Before you ask: This isn’t just an accident of editing. Words are chosen very carefully in the Pentagon’s assessment of the U.S.’s number-one enemy. This means Americans can sleep safely: The Pentagon doesn’t believe an Iranian ICBM will obliterate the East Coast any time soon. The Pentagon also follows a shift from the United States’ spy agencies, which used to hype Iran’s missile threat to the homeland but then quietly hushed on the estimates.

And that’s all moot without Iran acquiring “sufficient foreign assistance.” Iran’s not going to develop an ICBM on its own, the report suggests. It’s likely North Korea regularly shares missile components with Iran, and has done so — to some extent — since supplying Iran with Scuds during the Iran-Iraq War. (.pdf) Problem is North Korea’s long-range missile program has a 4 for 4 record of failures, including such missile stunts as blowing up prematurely and flopping into the sea.
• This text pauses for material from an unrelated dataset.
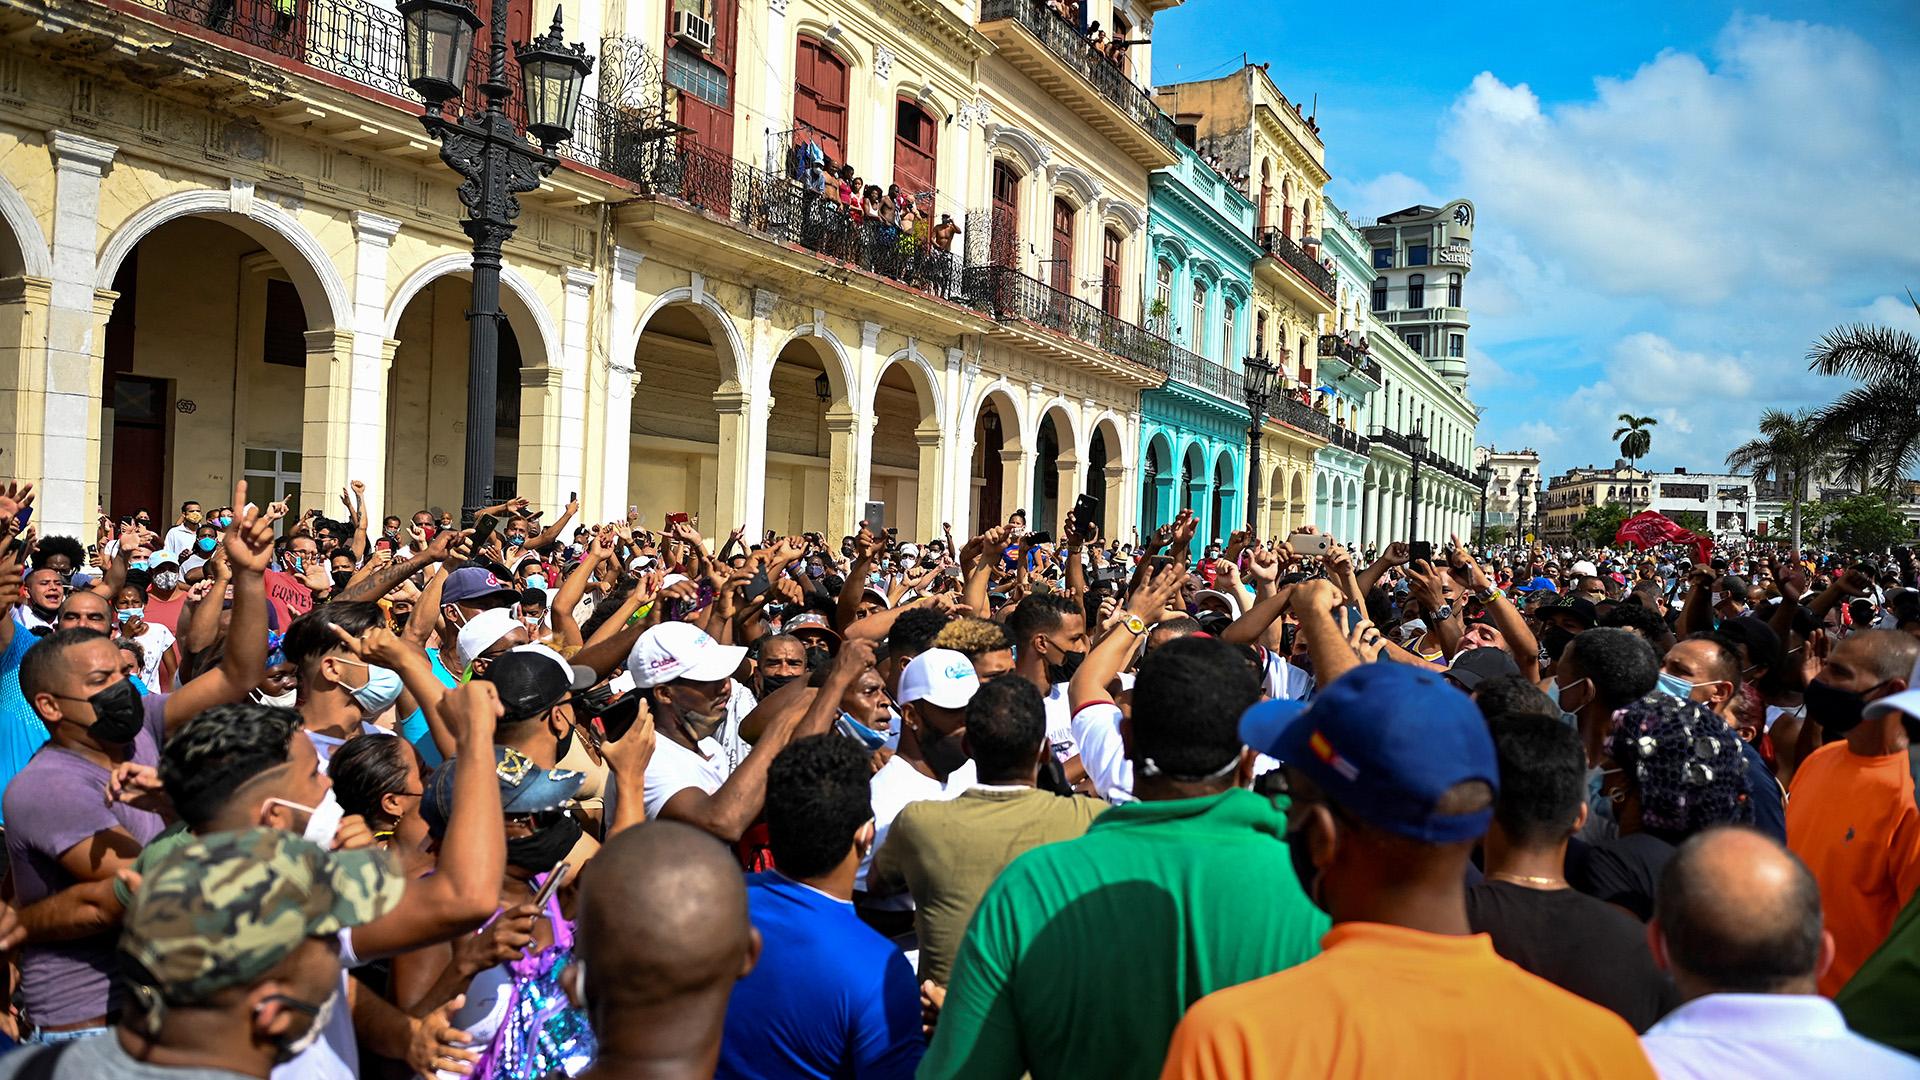 """Abajo la dictadura!"""": miles de cubanos salieron a las calles para protestar contra el régimen en medio de la grave situación sanitaria - Infobae"""
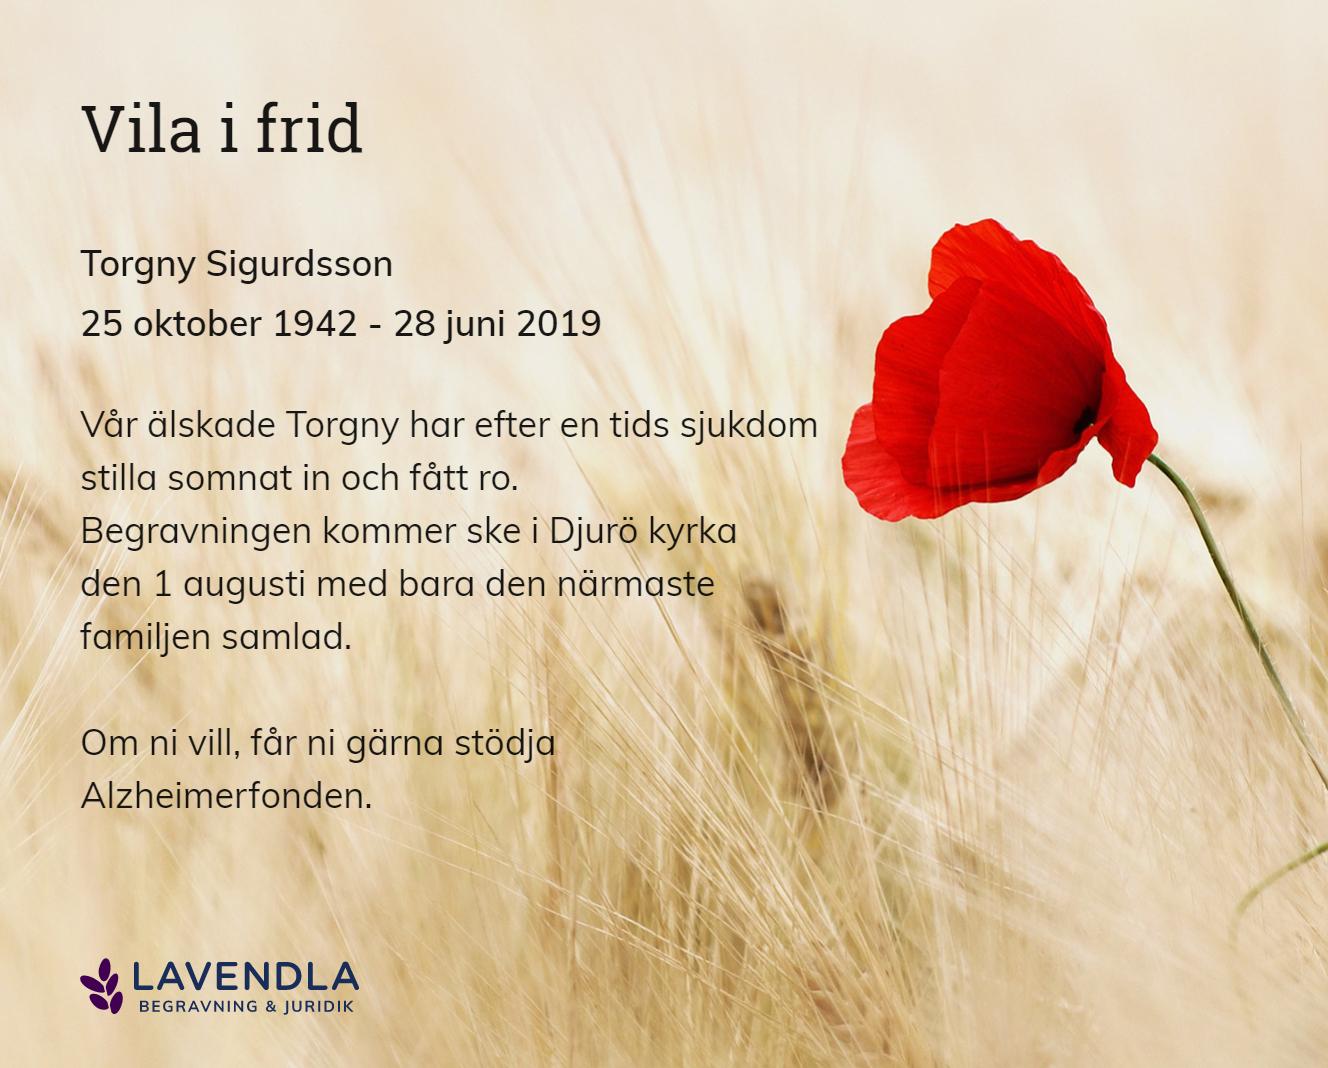 Inbjudningskort till ceremonin för Torgny Sigurdsson

Which may be because North Korea’s missile program is in development hell, and that its rocket tests may not be tests so much, but as a means to show off. It’s not quite vaporware, but the technical obstacles are so great, and North Korean understanding of how to fix them is so little, that even attempts to fix problems can cause more problems. Iranian engineers reportedly had a ringside seat to North Korea’s most recent launch in April. But it’s not clear how much information they gathered.

The report is less discreet about Iran’s other ballistic missiles. Iran “continues to develop ballistic missiles that can range regional adversaries, Israel, and Eastern Europe,” including a longer-ranged version of the Shahab-3, and a medium-range missile called the Ashura, the report notes. Iran’s missile and rocket arsenal is also seeing “steady growth” and is becoming more accurate, with improved munitions. Iran is also getting better at targeting ships. The report also references Iran’s “multistage space launche vehicles” as a potential platform for testing ICBM components. But that doesn’t mean Iran is close to translating a space rocket into a workable weapon.

Iran, though, wants you think its missiles are pretty great. Iran’s semi-official state news agency, Fars, responded to the Pentagon report by rounding up news about “a series of massive military drills.” The news agency stressed Iran’s weapons “should not be perceived as a threat to any other country,” but on Thursday aired comments made last week from Iranian army Brig. Gen. Mohammad Pakpour, who said if the United States were to attack Iran, there are plans to use missiles to destroy all U.S. bases near Iran in a “swift and crushing response.”

Hrm. But what about that 2015 timeline on the ICBM? The report wouldn’t be the first to conclude that Iran was only a few years away. Note: That doesn’t mean Iran isn’t 10 years away, if Iran spends the money on a development program. But U.S. intelligence and military estimates have a track record of calling it short. We were supposed to see an Iranian ICBM in 2003, and another in 2010, and we’re still supposed to see one in 2015.

A timeline is one thing, and a working ICBM is another. The military still thinks these may be possible, and relatively soon. Though it’s worth it to be skeptical. And hitting grandma’s house with one is something else.